» **YOUR GOAL**: What do the lines say, reproduced word for word, from the first of the entries below through the line bearing "C-GSMB, 1975 Cessna"?

» **MATERIAL FOR THE TASK**:
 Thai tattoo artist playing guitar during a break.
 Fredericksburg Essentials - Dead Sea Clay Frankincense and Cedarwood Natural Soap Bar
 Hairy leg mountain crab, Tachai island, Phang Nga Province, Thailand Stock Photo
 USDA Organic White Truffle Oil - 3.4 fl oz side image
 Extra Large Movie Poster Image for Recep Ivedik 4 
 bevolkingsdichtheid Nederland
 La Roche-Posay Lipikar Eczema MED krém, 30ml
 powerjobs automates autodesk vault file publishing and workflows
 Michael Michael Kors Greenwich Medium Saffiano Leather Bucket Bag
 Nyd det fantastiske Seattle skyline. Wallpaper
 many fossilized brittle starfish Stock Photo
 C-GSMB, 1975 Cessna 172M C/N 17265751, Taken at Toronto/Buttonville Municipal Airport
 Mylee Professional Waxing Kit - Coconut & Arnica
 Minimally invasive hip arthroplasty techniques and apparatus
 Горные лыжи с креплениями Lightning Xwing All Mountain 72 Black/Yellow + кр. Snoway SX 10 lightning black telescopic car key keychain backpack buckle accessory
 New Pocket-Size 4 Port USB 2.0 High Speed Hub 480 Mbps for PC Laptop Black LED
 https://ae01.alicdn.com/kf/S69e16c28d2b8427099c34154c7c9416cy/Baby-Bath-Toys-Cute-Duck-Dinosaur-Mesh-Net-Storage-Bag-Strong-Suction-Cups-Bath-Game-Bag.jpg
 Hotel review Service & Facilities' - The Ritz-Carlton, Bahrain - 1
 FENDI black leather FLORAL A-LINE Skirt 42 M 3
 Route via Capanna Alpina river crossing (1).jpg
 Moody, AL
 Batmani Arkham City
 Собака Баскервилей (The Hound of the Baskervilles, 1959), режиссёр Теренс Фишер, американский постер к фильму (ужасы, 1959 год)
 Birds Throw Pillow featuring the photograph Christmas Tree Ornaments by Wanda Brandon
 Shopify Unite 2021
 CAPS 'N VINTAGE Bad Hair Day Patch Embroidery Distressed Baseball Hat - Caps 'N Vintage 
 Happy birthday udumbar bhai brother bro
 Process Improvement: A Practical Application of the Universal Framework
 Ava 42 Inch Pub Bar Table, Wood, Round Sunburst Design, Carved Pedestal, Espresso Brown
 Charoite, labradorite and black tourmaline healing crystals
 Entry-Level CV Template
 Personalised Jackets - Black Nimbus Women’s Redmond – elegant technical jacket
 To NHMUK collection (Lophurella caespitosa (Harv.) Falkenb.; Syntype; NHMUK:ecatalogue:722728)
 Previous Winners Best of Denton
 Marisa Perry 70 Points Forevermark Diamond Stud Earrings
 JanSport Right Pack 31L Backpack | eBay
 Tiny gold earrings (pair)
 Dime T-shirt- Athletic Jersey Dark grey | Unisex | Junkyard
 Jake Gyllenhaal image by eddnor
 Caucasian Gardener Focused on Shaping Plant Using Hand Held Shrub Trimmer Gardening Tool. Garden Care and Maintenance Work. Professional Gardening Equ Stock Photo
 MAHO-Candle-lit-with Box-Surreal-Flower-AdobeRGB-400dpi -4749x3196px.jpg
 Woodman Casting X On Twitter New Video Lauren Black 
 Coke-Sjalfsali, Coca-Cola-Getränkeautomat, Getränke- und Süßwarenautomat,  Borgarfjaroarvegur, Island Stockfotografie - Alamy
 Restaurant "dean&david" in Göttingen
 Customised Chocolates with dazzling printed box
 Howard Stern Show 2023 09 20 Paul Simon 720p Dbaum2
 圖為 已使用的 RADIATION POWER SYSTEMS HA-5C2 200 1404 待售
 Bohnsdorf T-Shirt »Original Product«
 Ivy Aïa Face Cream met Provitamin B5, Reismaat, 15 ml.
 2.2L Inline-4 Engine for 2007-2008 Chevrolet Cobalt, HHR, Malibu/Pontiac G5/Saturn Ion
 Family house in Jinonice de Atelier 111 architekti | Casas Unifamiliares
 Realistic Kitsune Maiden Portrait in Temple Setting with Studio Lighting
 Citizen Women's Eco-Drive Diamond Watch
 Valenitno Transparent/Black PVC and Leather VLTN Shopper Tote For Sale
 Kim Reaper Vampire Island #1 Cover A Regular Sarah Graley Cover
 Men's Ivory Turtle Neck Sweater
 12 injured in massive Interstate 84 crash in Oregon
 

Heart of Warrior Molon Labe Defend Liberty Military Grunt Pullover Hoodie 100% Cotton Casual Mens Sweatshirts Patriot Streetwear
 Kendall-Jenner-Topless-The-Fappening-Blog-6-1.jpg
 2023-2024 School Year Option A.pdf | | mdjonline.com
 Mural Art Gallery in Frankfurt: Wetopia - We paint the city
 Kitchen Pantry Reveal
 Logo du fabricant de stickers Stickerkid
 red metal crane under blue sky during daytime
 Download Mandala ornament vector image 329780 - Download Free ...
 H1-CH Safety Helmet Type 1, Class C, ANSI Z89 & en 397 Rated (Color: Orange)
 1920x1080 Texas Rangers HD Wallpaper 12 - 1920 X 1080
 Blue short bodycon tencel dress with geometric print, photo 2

» **THE ANSWER**:
 Thai tattoo artist playing guitar during a break.
 Fredericksburg Essentials - Dead Sea Clay Frankincense and Cedarwood Natural Soap Bar
 Hairy leg mountain crab, Tachai island, Phang Nga Province, Thailand Stock Photo
 USDA Organic White Truffle Oil - 3.4 fl oz side image
 Extra Large Movie Poster Image for Recep Ivedik 4 
 bevolkingsdichtheid Nederland
 La Roche-Posay Lipikar Eczema MED krém, 30ml
 powerjobs automates autodesk vault file publishing and workflows
 Michael Michael Kors Greenwich Medium Saffiano Leather Bucket Bag
 Nyd det fantastiske Seattle skyline. Wallpaper
 many fossilized brittle starfish Stock Photo
 C-GSMB, 1975 Cessna 172M C/N 17265751, Taken at Toronto/Buttonville Municipal Airport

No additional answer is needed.